Outside the U.S. and Canada, the film earned $700,000 from 54 international markets in its opening weekend. It made $400,000 from eight markets in its second weekend.

Bouchard acknowledged that the film's budget had not been formally disclosed and stated on Twitter that its production was $38 million. The film's box office earnings performed well in its own terms: Forbes highlighted that it earned $15 million in its first four days, despite expecting to earn $10 million at most. Deadline noted that around 1.1 million people watched it over its first weekend, comparable to the 1.3 million weekly regular viewers of the television series, and described the film as niche.

===Critical response===
 Metacritic, which uses a weighted average, assigned the film a score of 75 out of 100, based on 36 critics, indicating "generally favorable" reviews.
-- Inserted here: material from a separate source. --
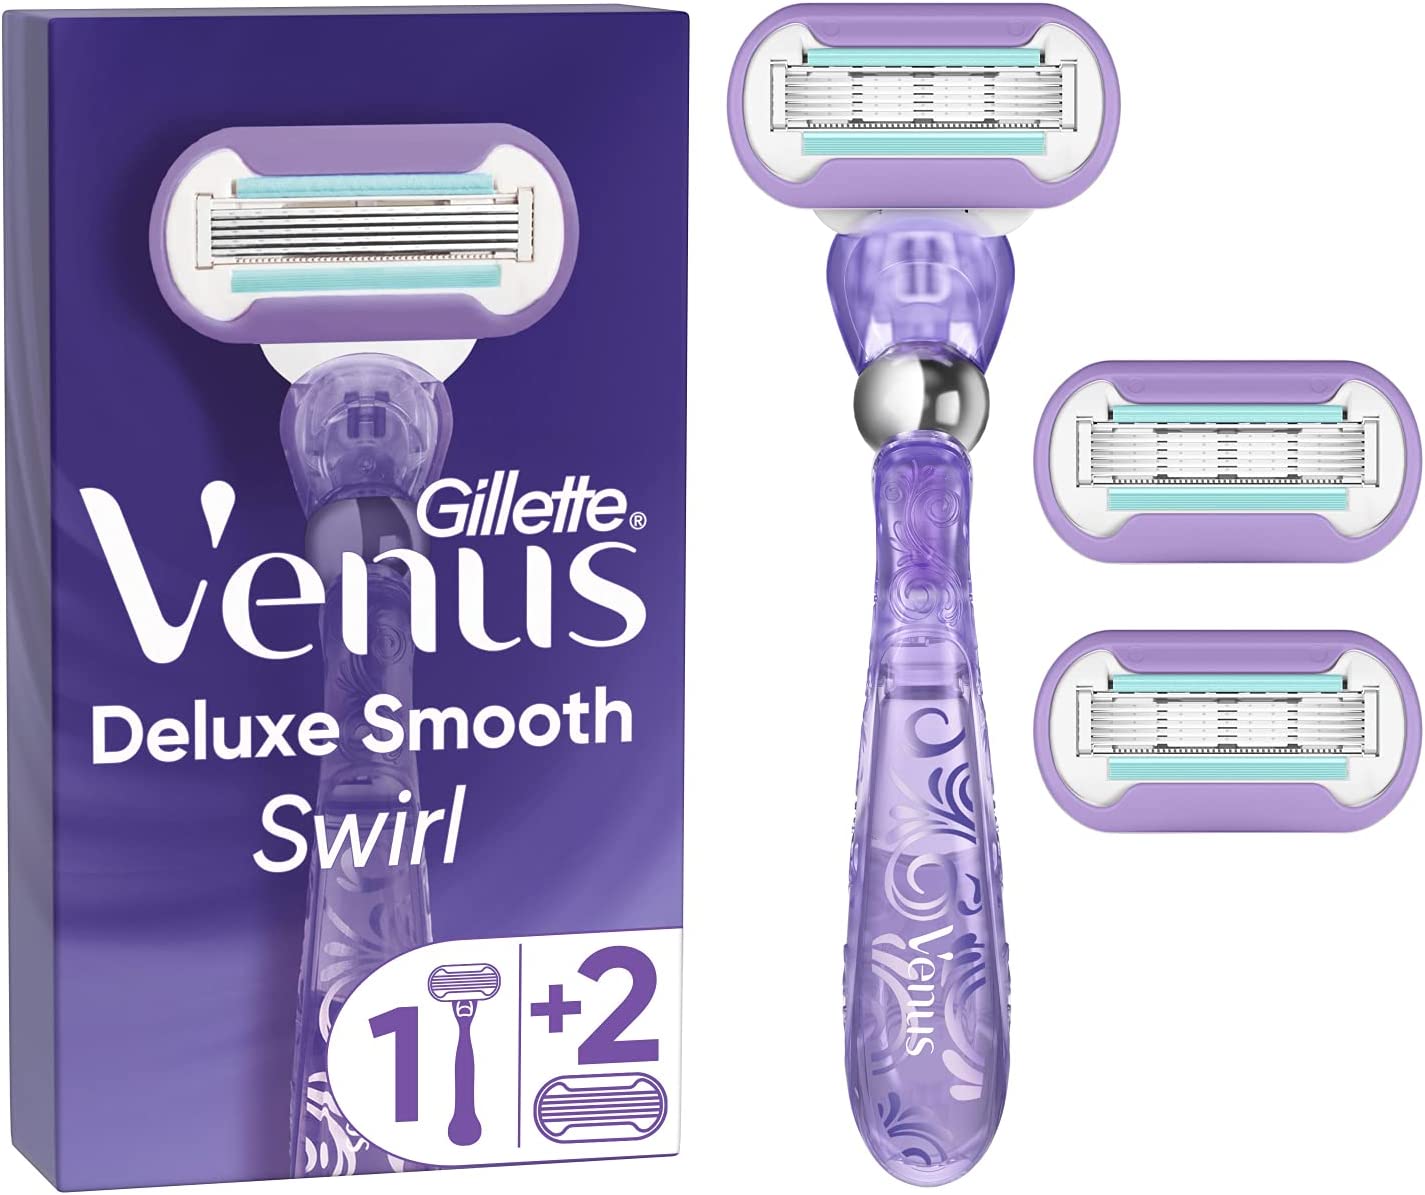 Gillette Venus Deluxe Smooth Swirl 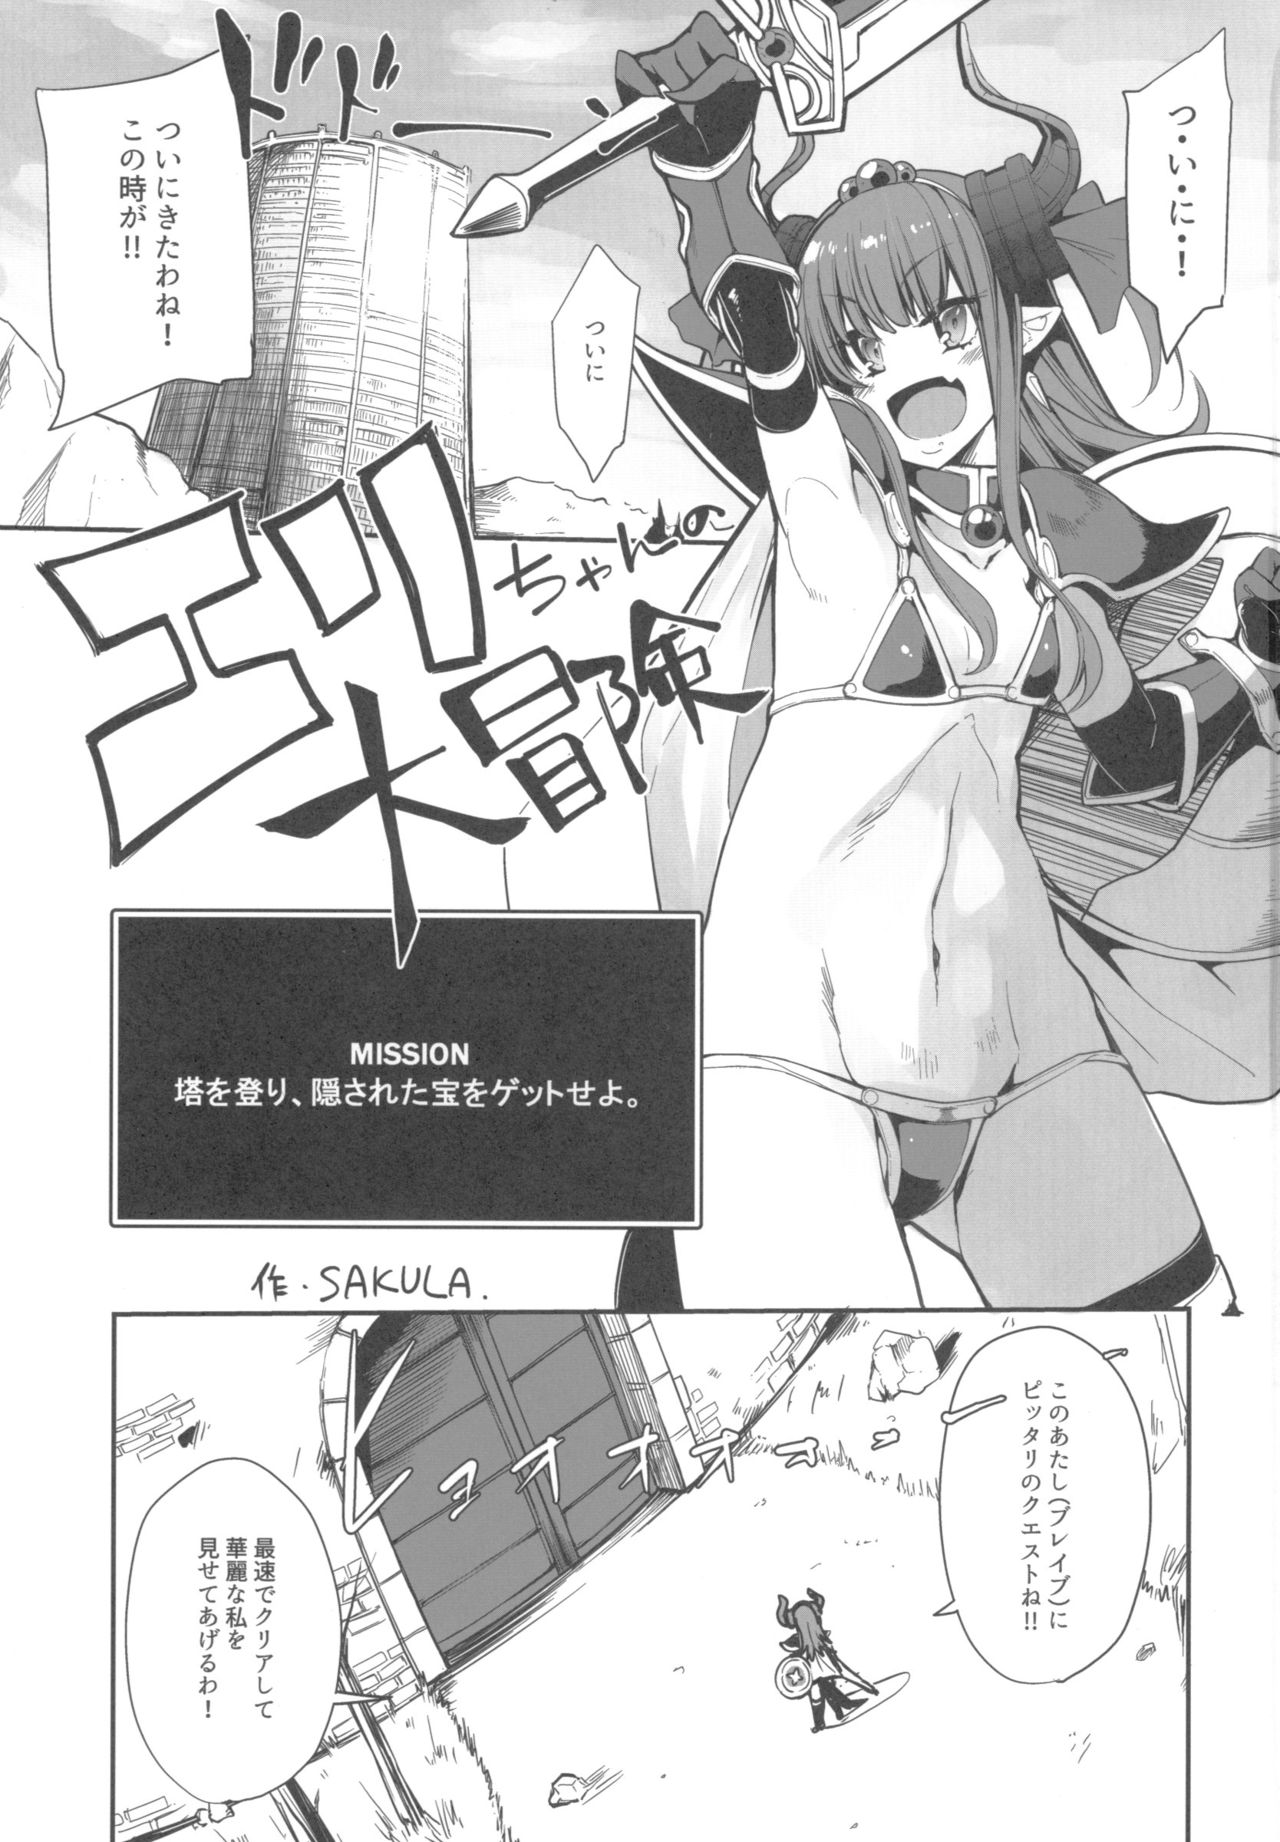 (COMIC1☆13) [IRON GRIMOIRE (SAKULA)] エリちゃんの大冒険 (Fate/Grand Order)

Audiences polled by CinemaScore gave the film an average grade of "A" on an A+ to F scale, while PostTrak reported 89% of audience members gave it a positive score, with 69% saying they would definitely recommend it.

===Accolades===

| Award | Date of ceremony | Category | Recipient(s) | Result | Ref. |
|---|---|---|---|---|---|
| Hollywood Music in Media Awards | November 16, 2022 | Best Original Song in an Animated Film | Loren Bouchard and Nora Smith ("Sunny Side Up Summer") | Nominated |  |
| Golden Trailer Awards | June 29, 2023 | Best Digital – Animation / Family | "Hits" (The Refinery) | Nominated |  |

==Possible sequel==
Before the film's release, screenwriters Loren Bouchard and Nora Smith expressed interest in making a sequel film. The principal cast, including Benjamin, Schaal, Roberts, Mirman, and Mintz, have also expressed interest in a sequel on the film's commentary.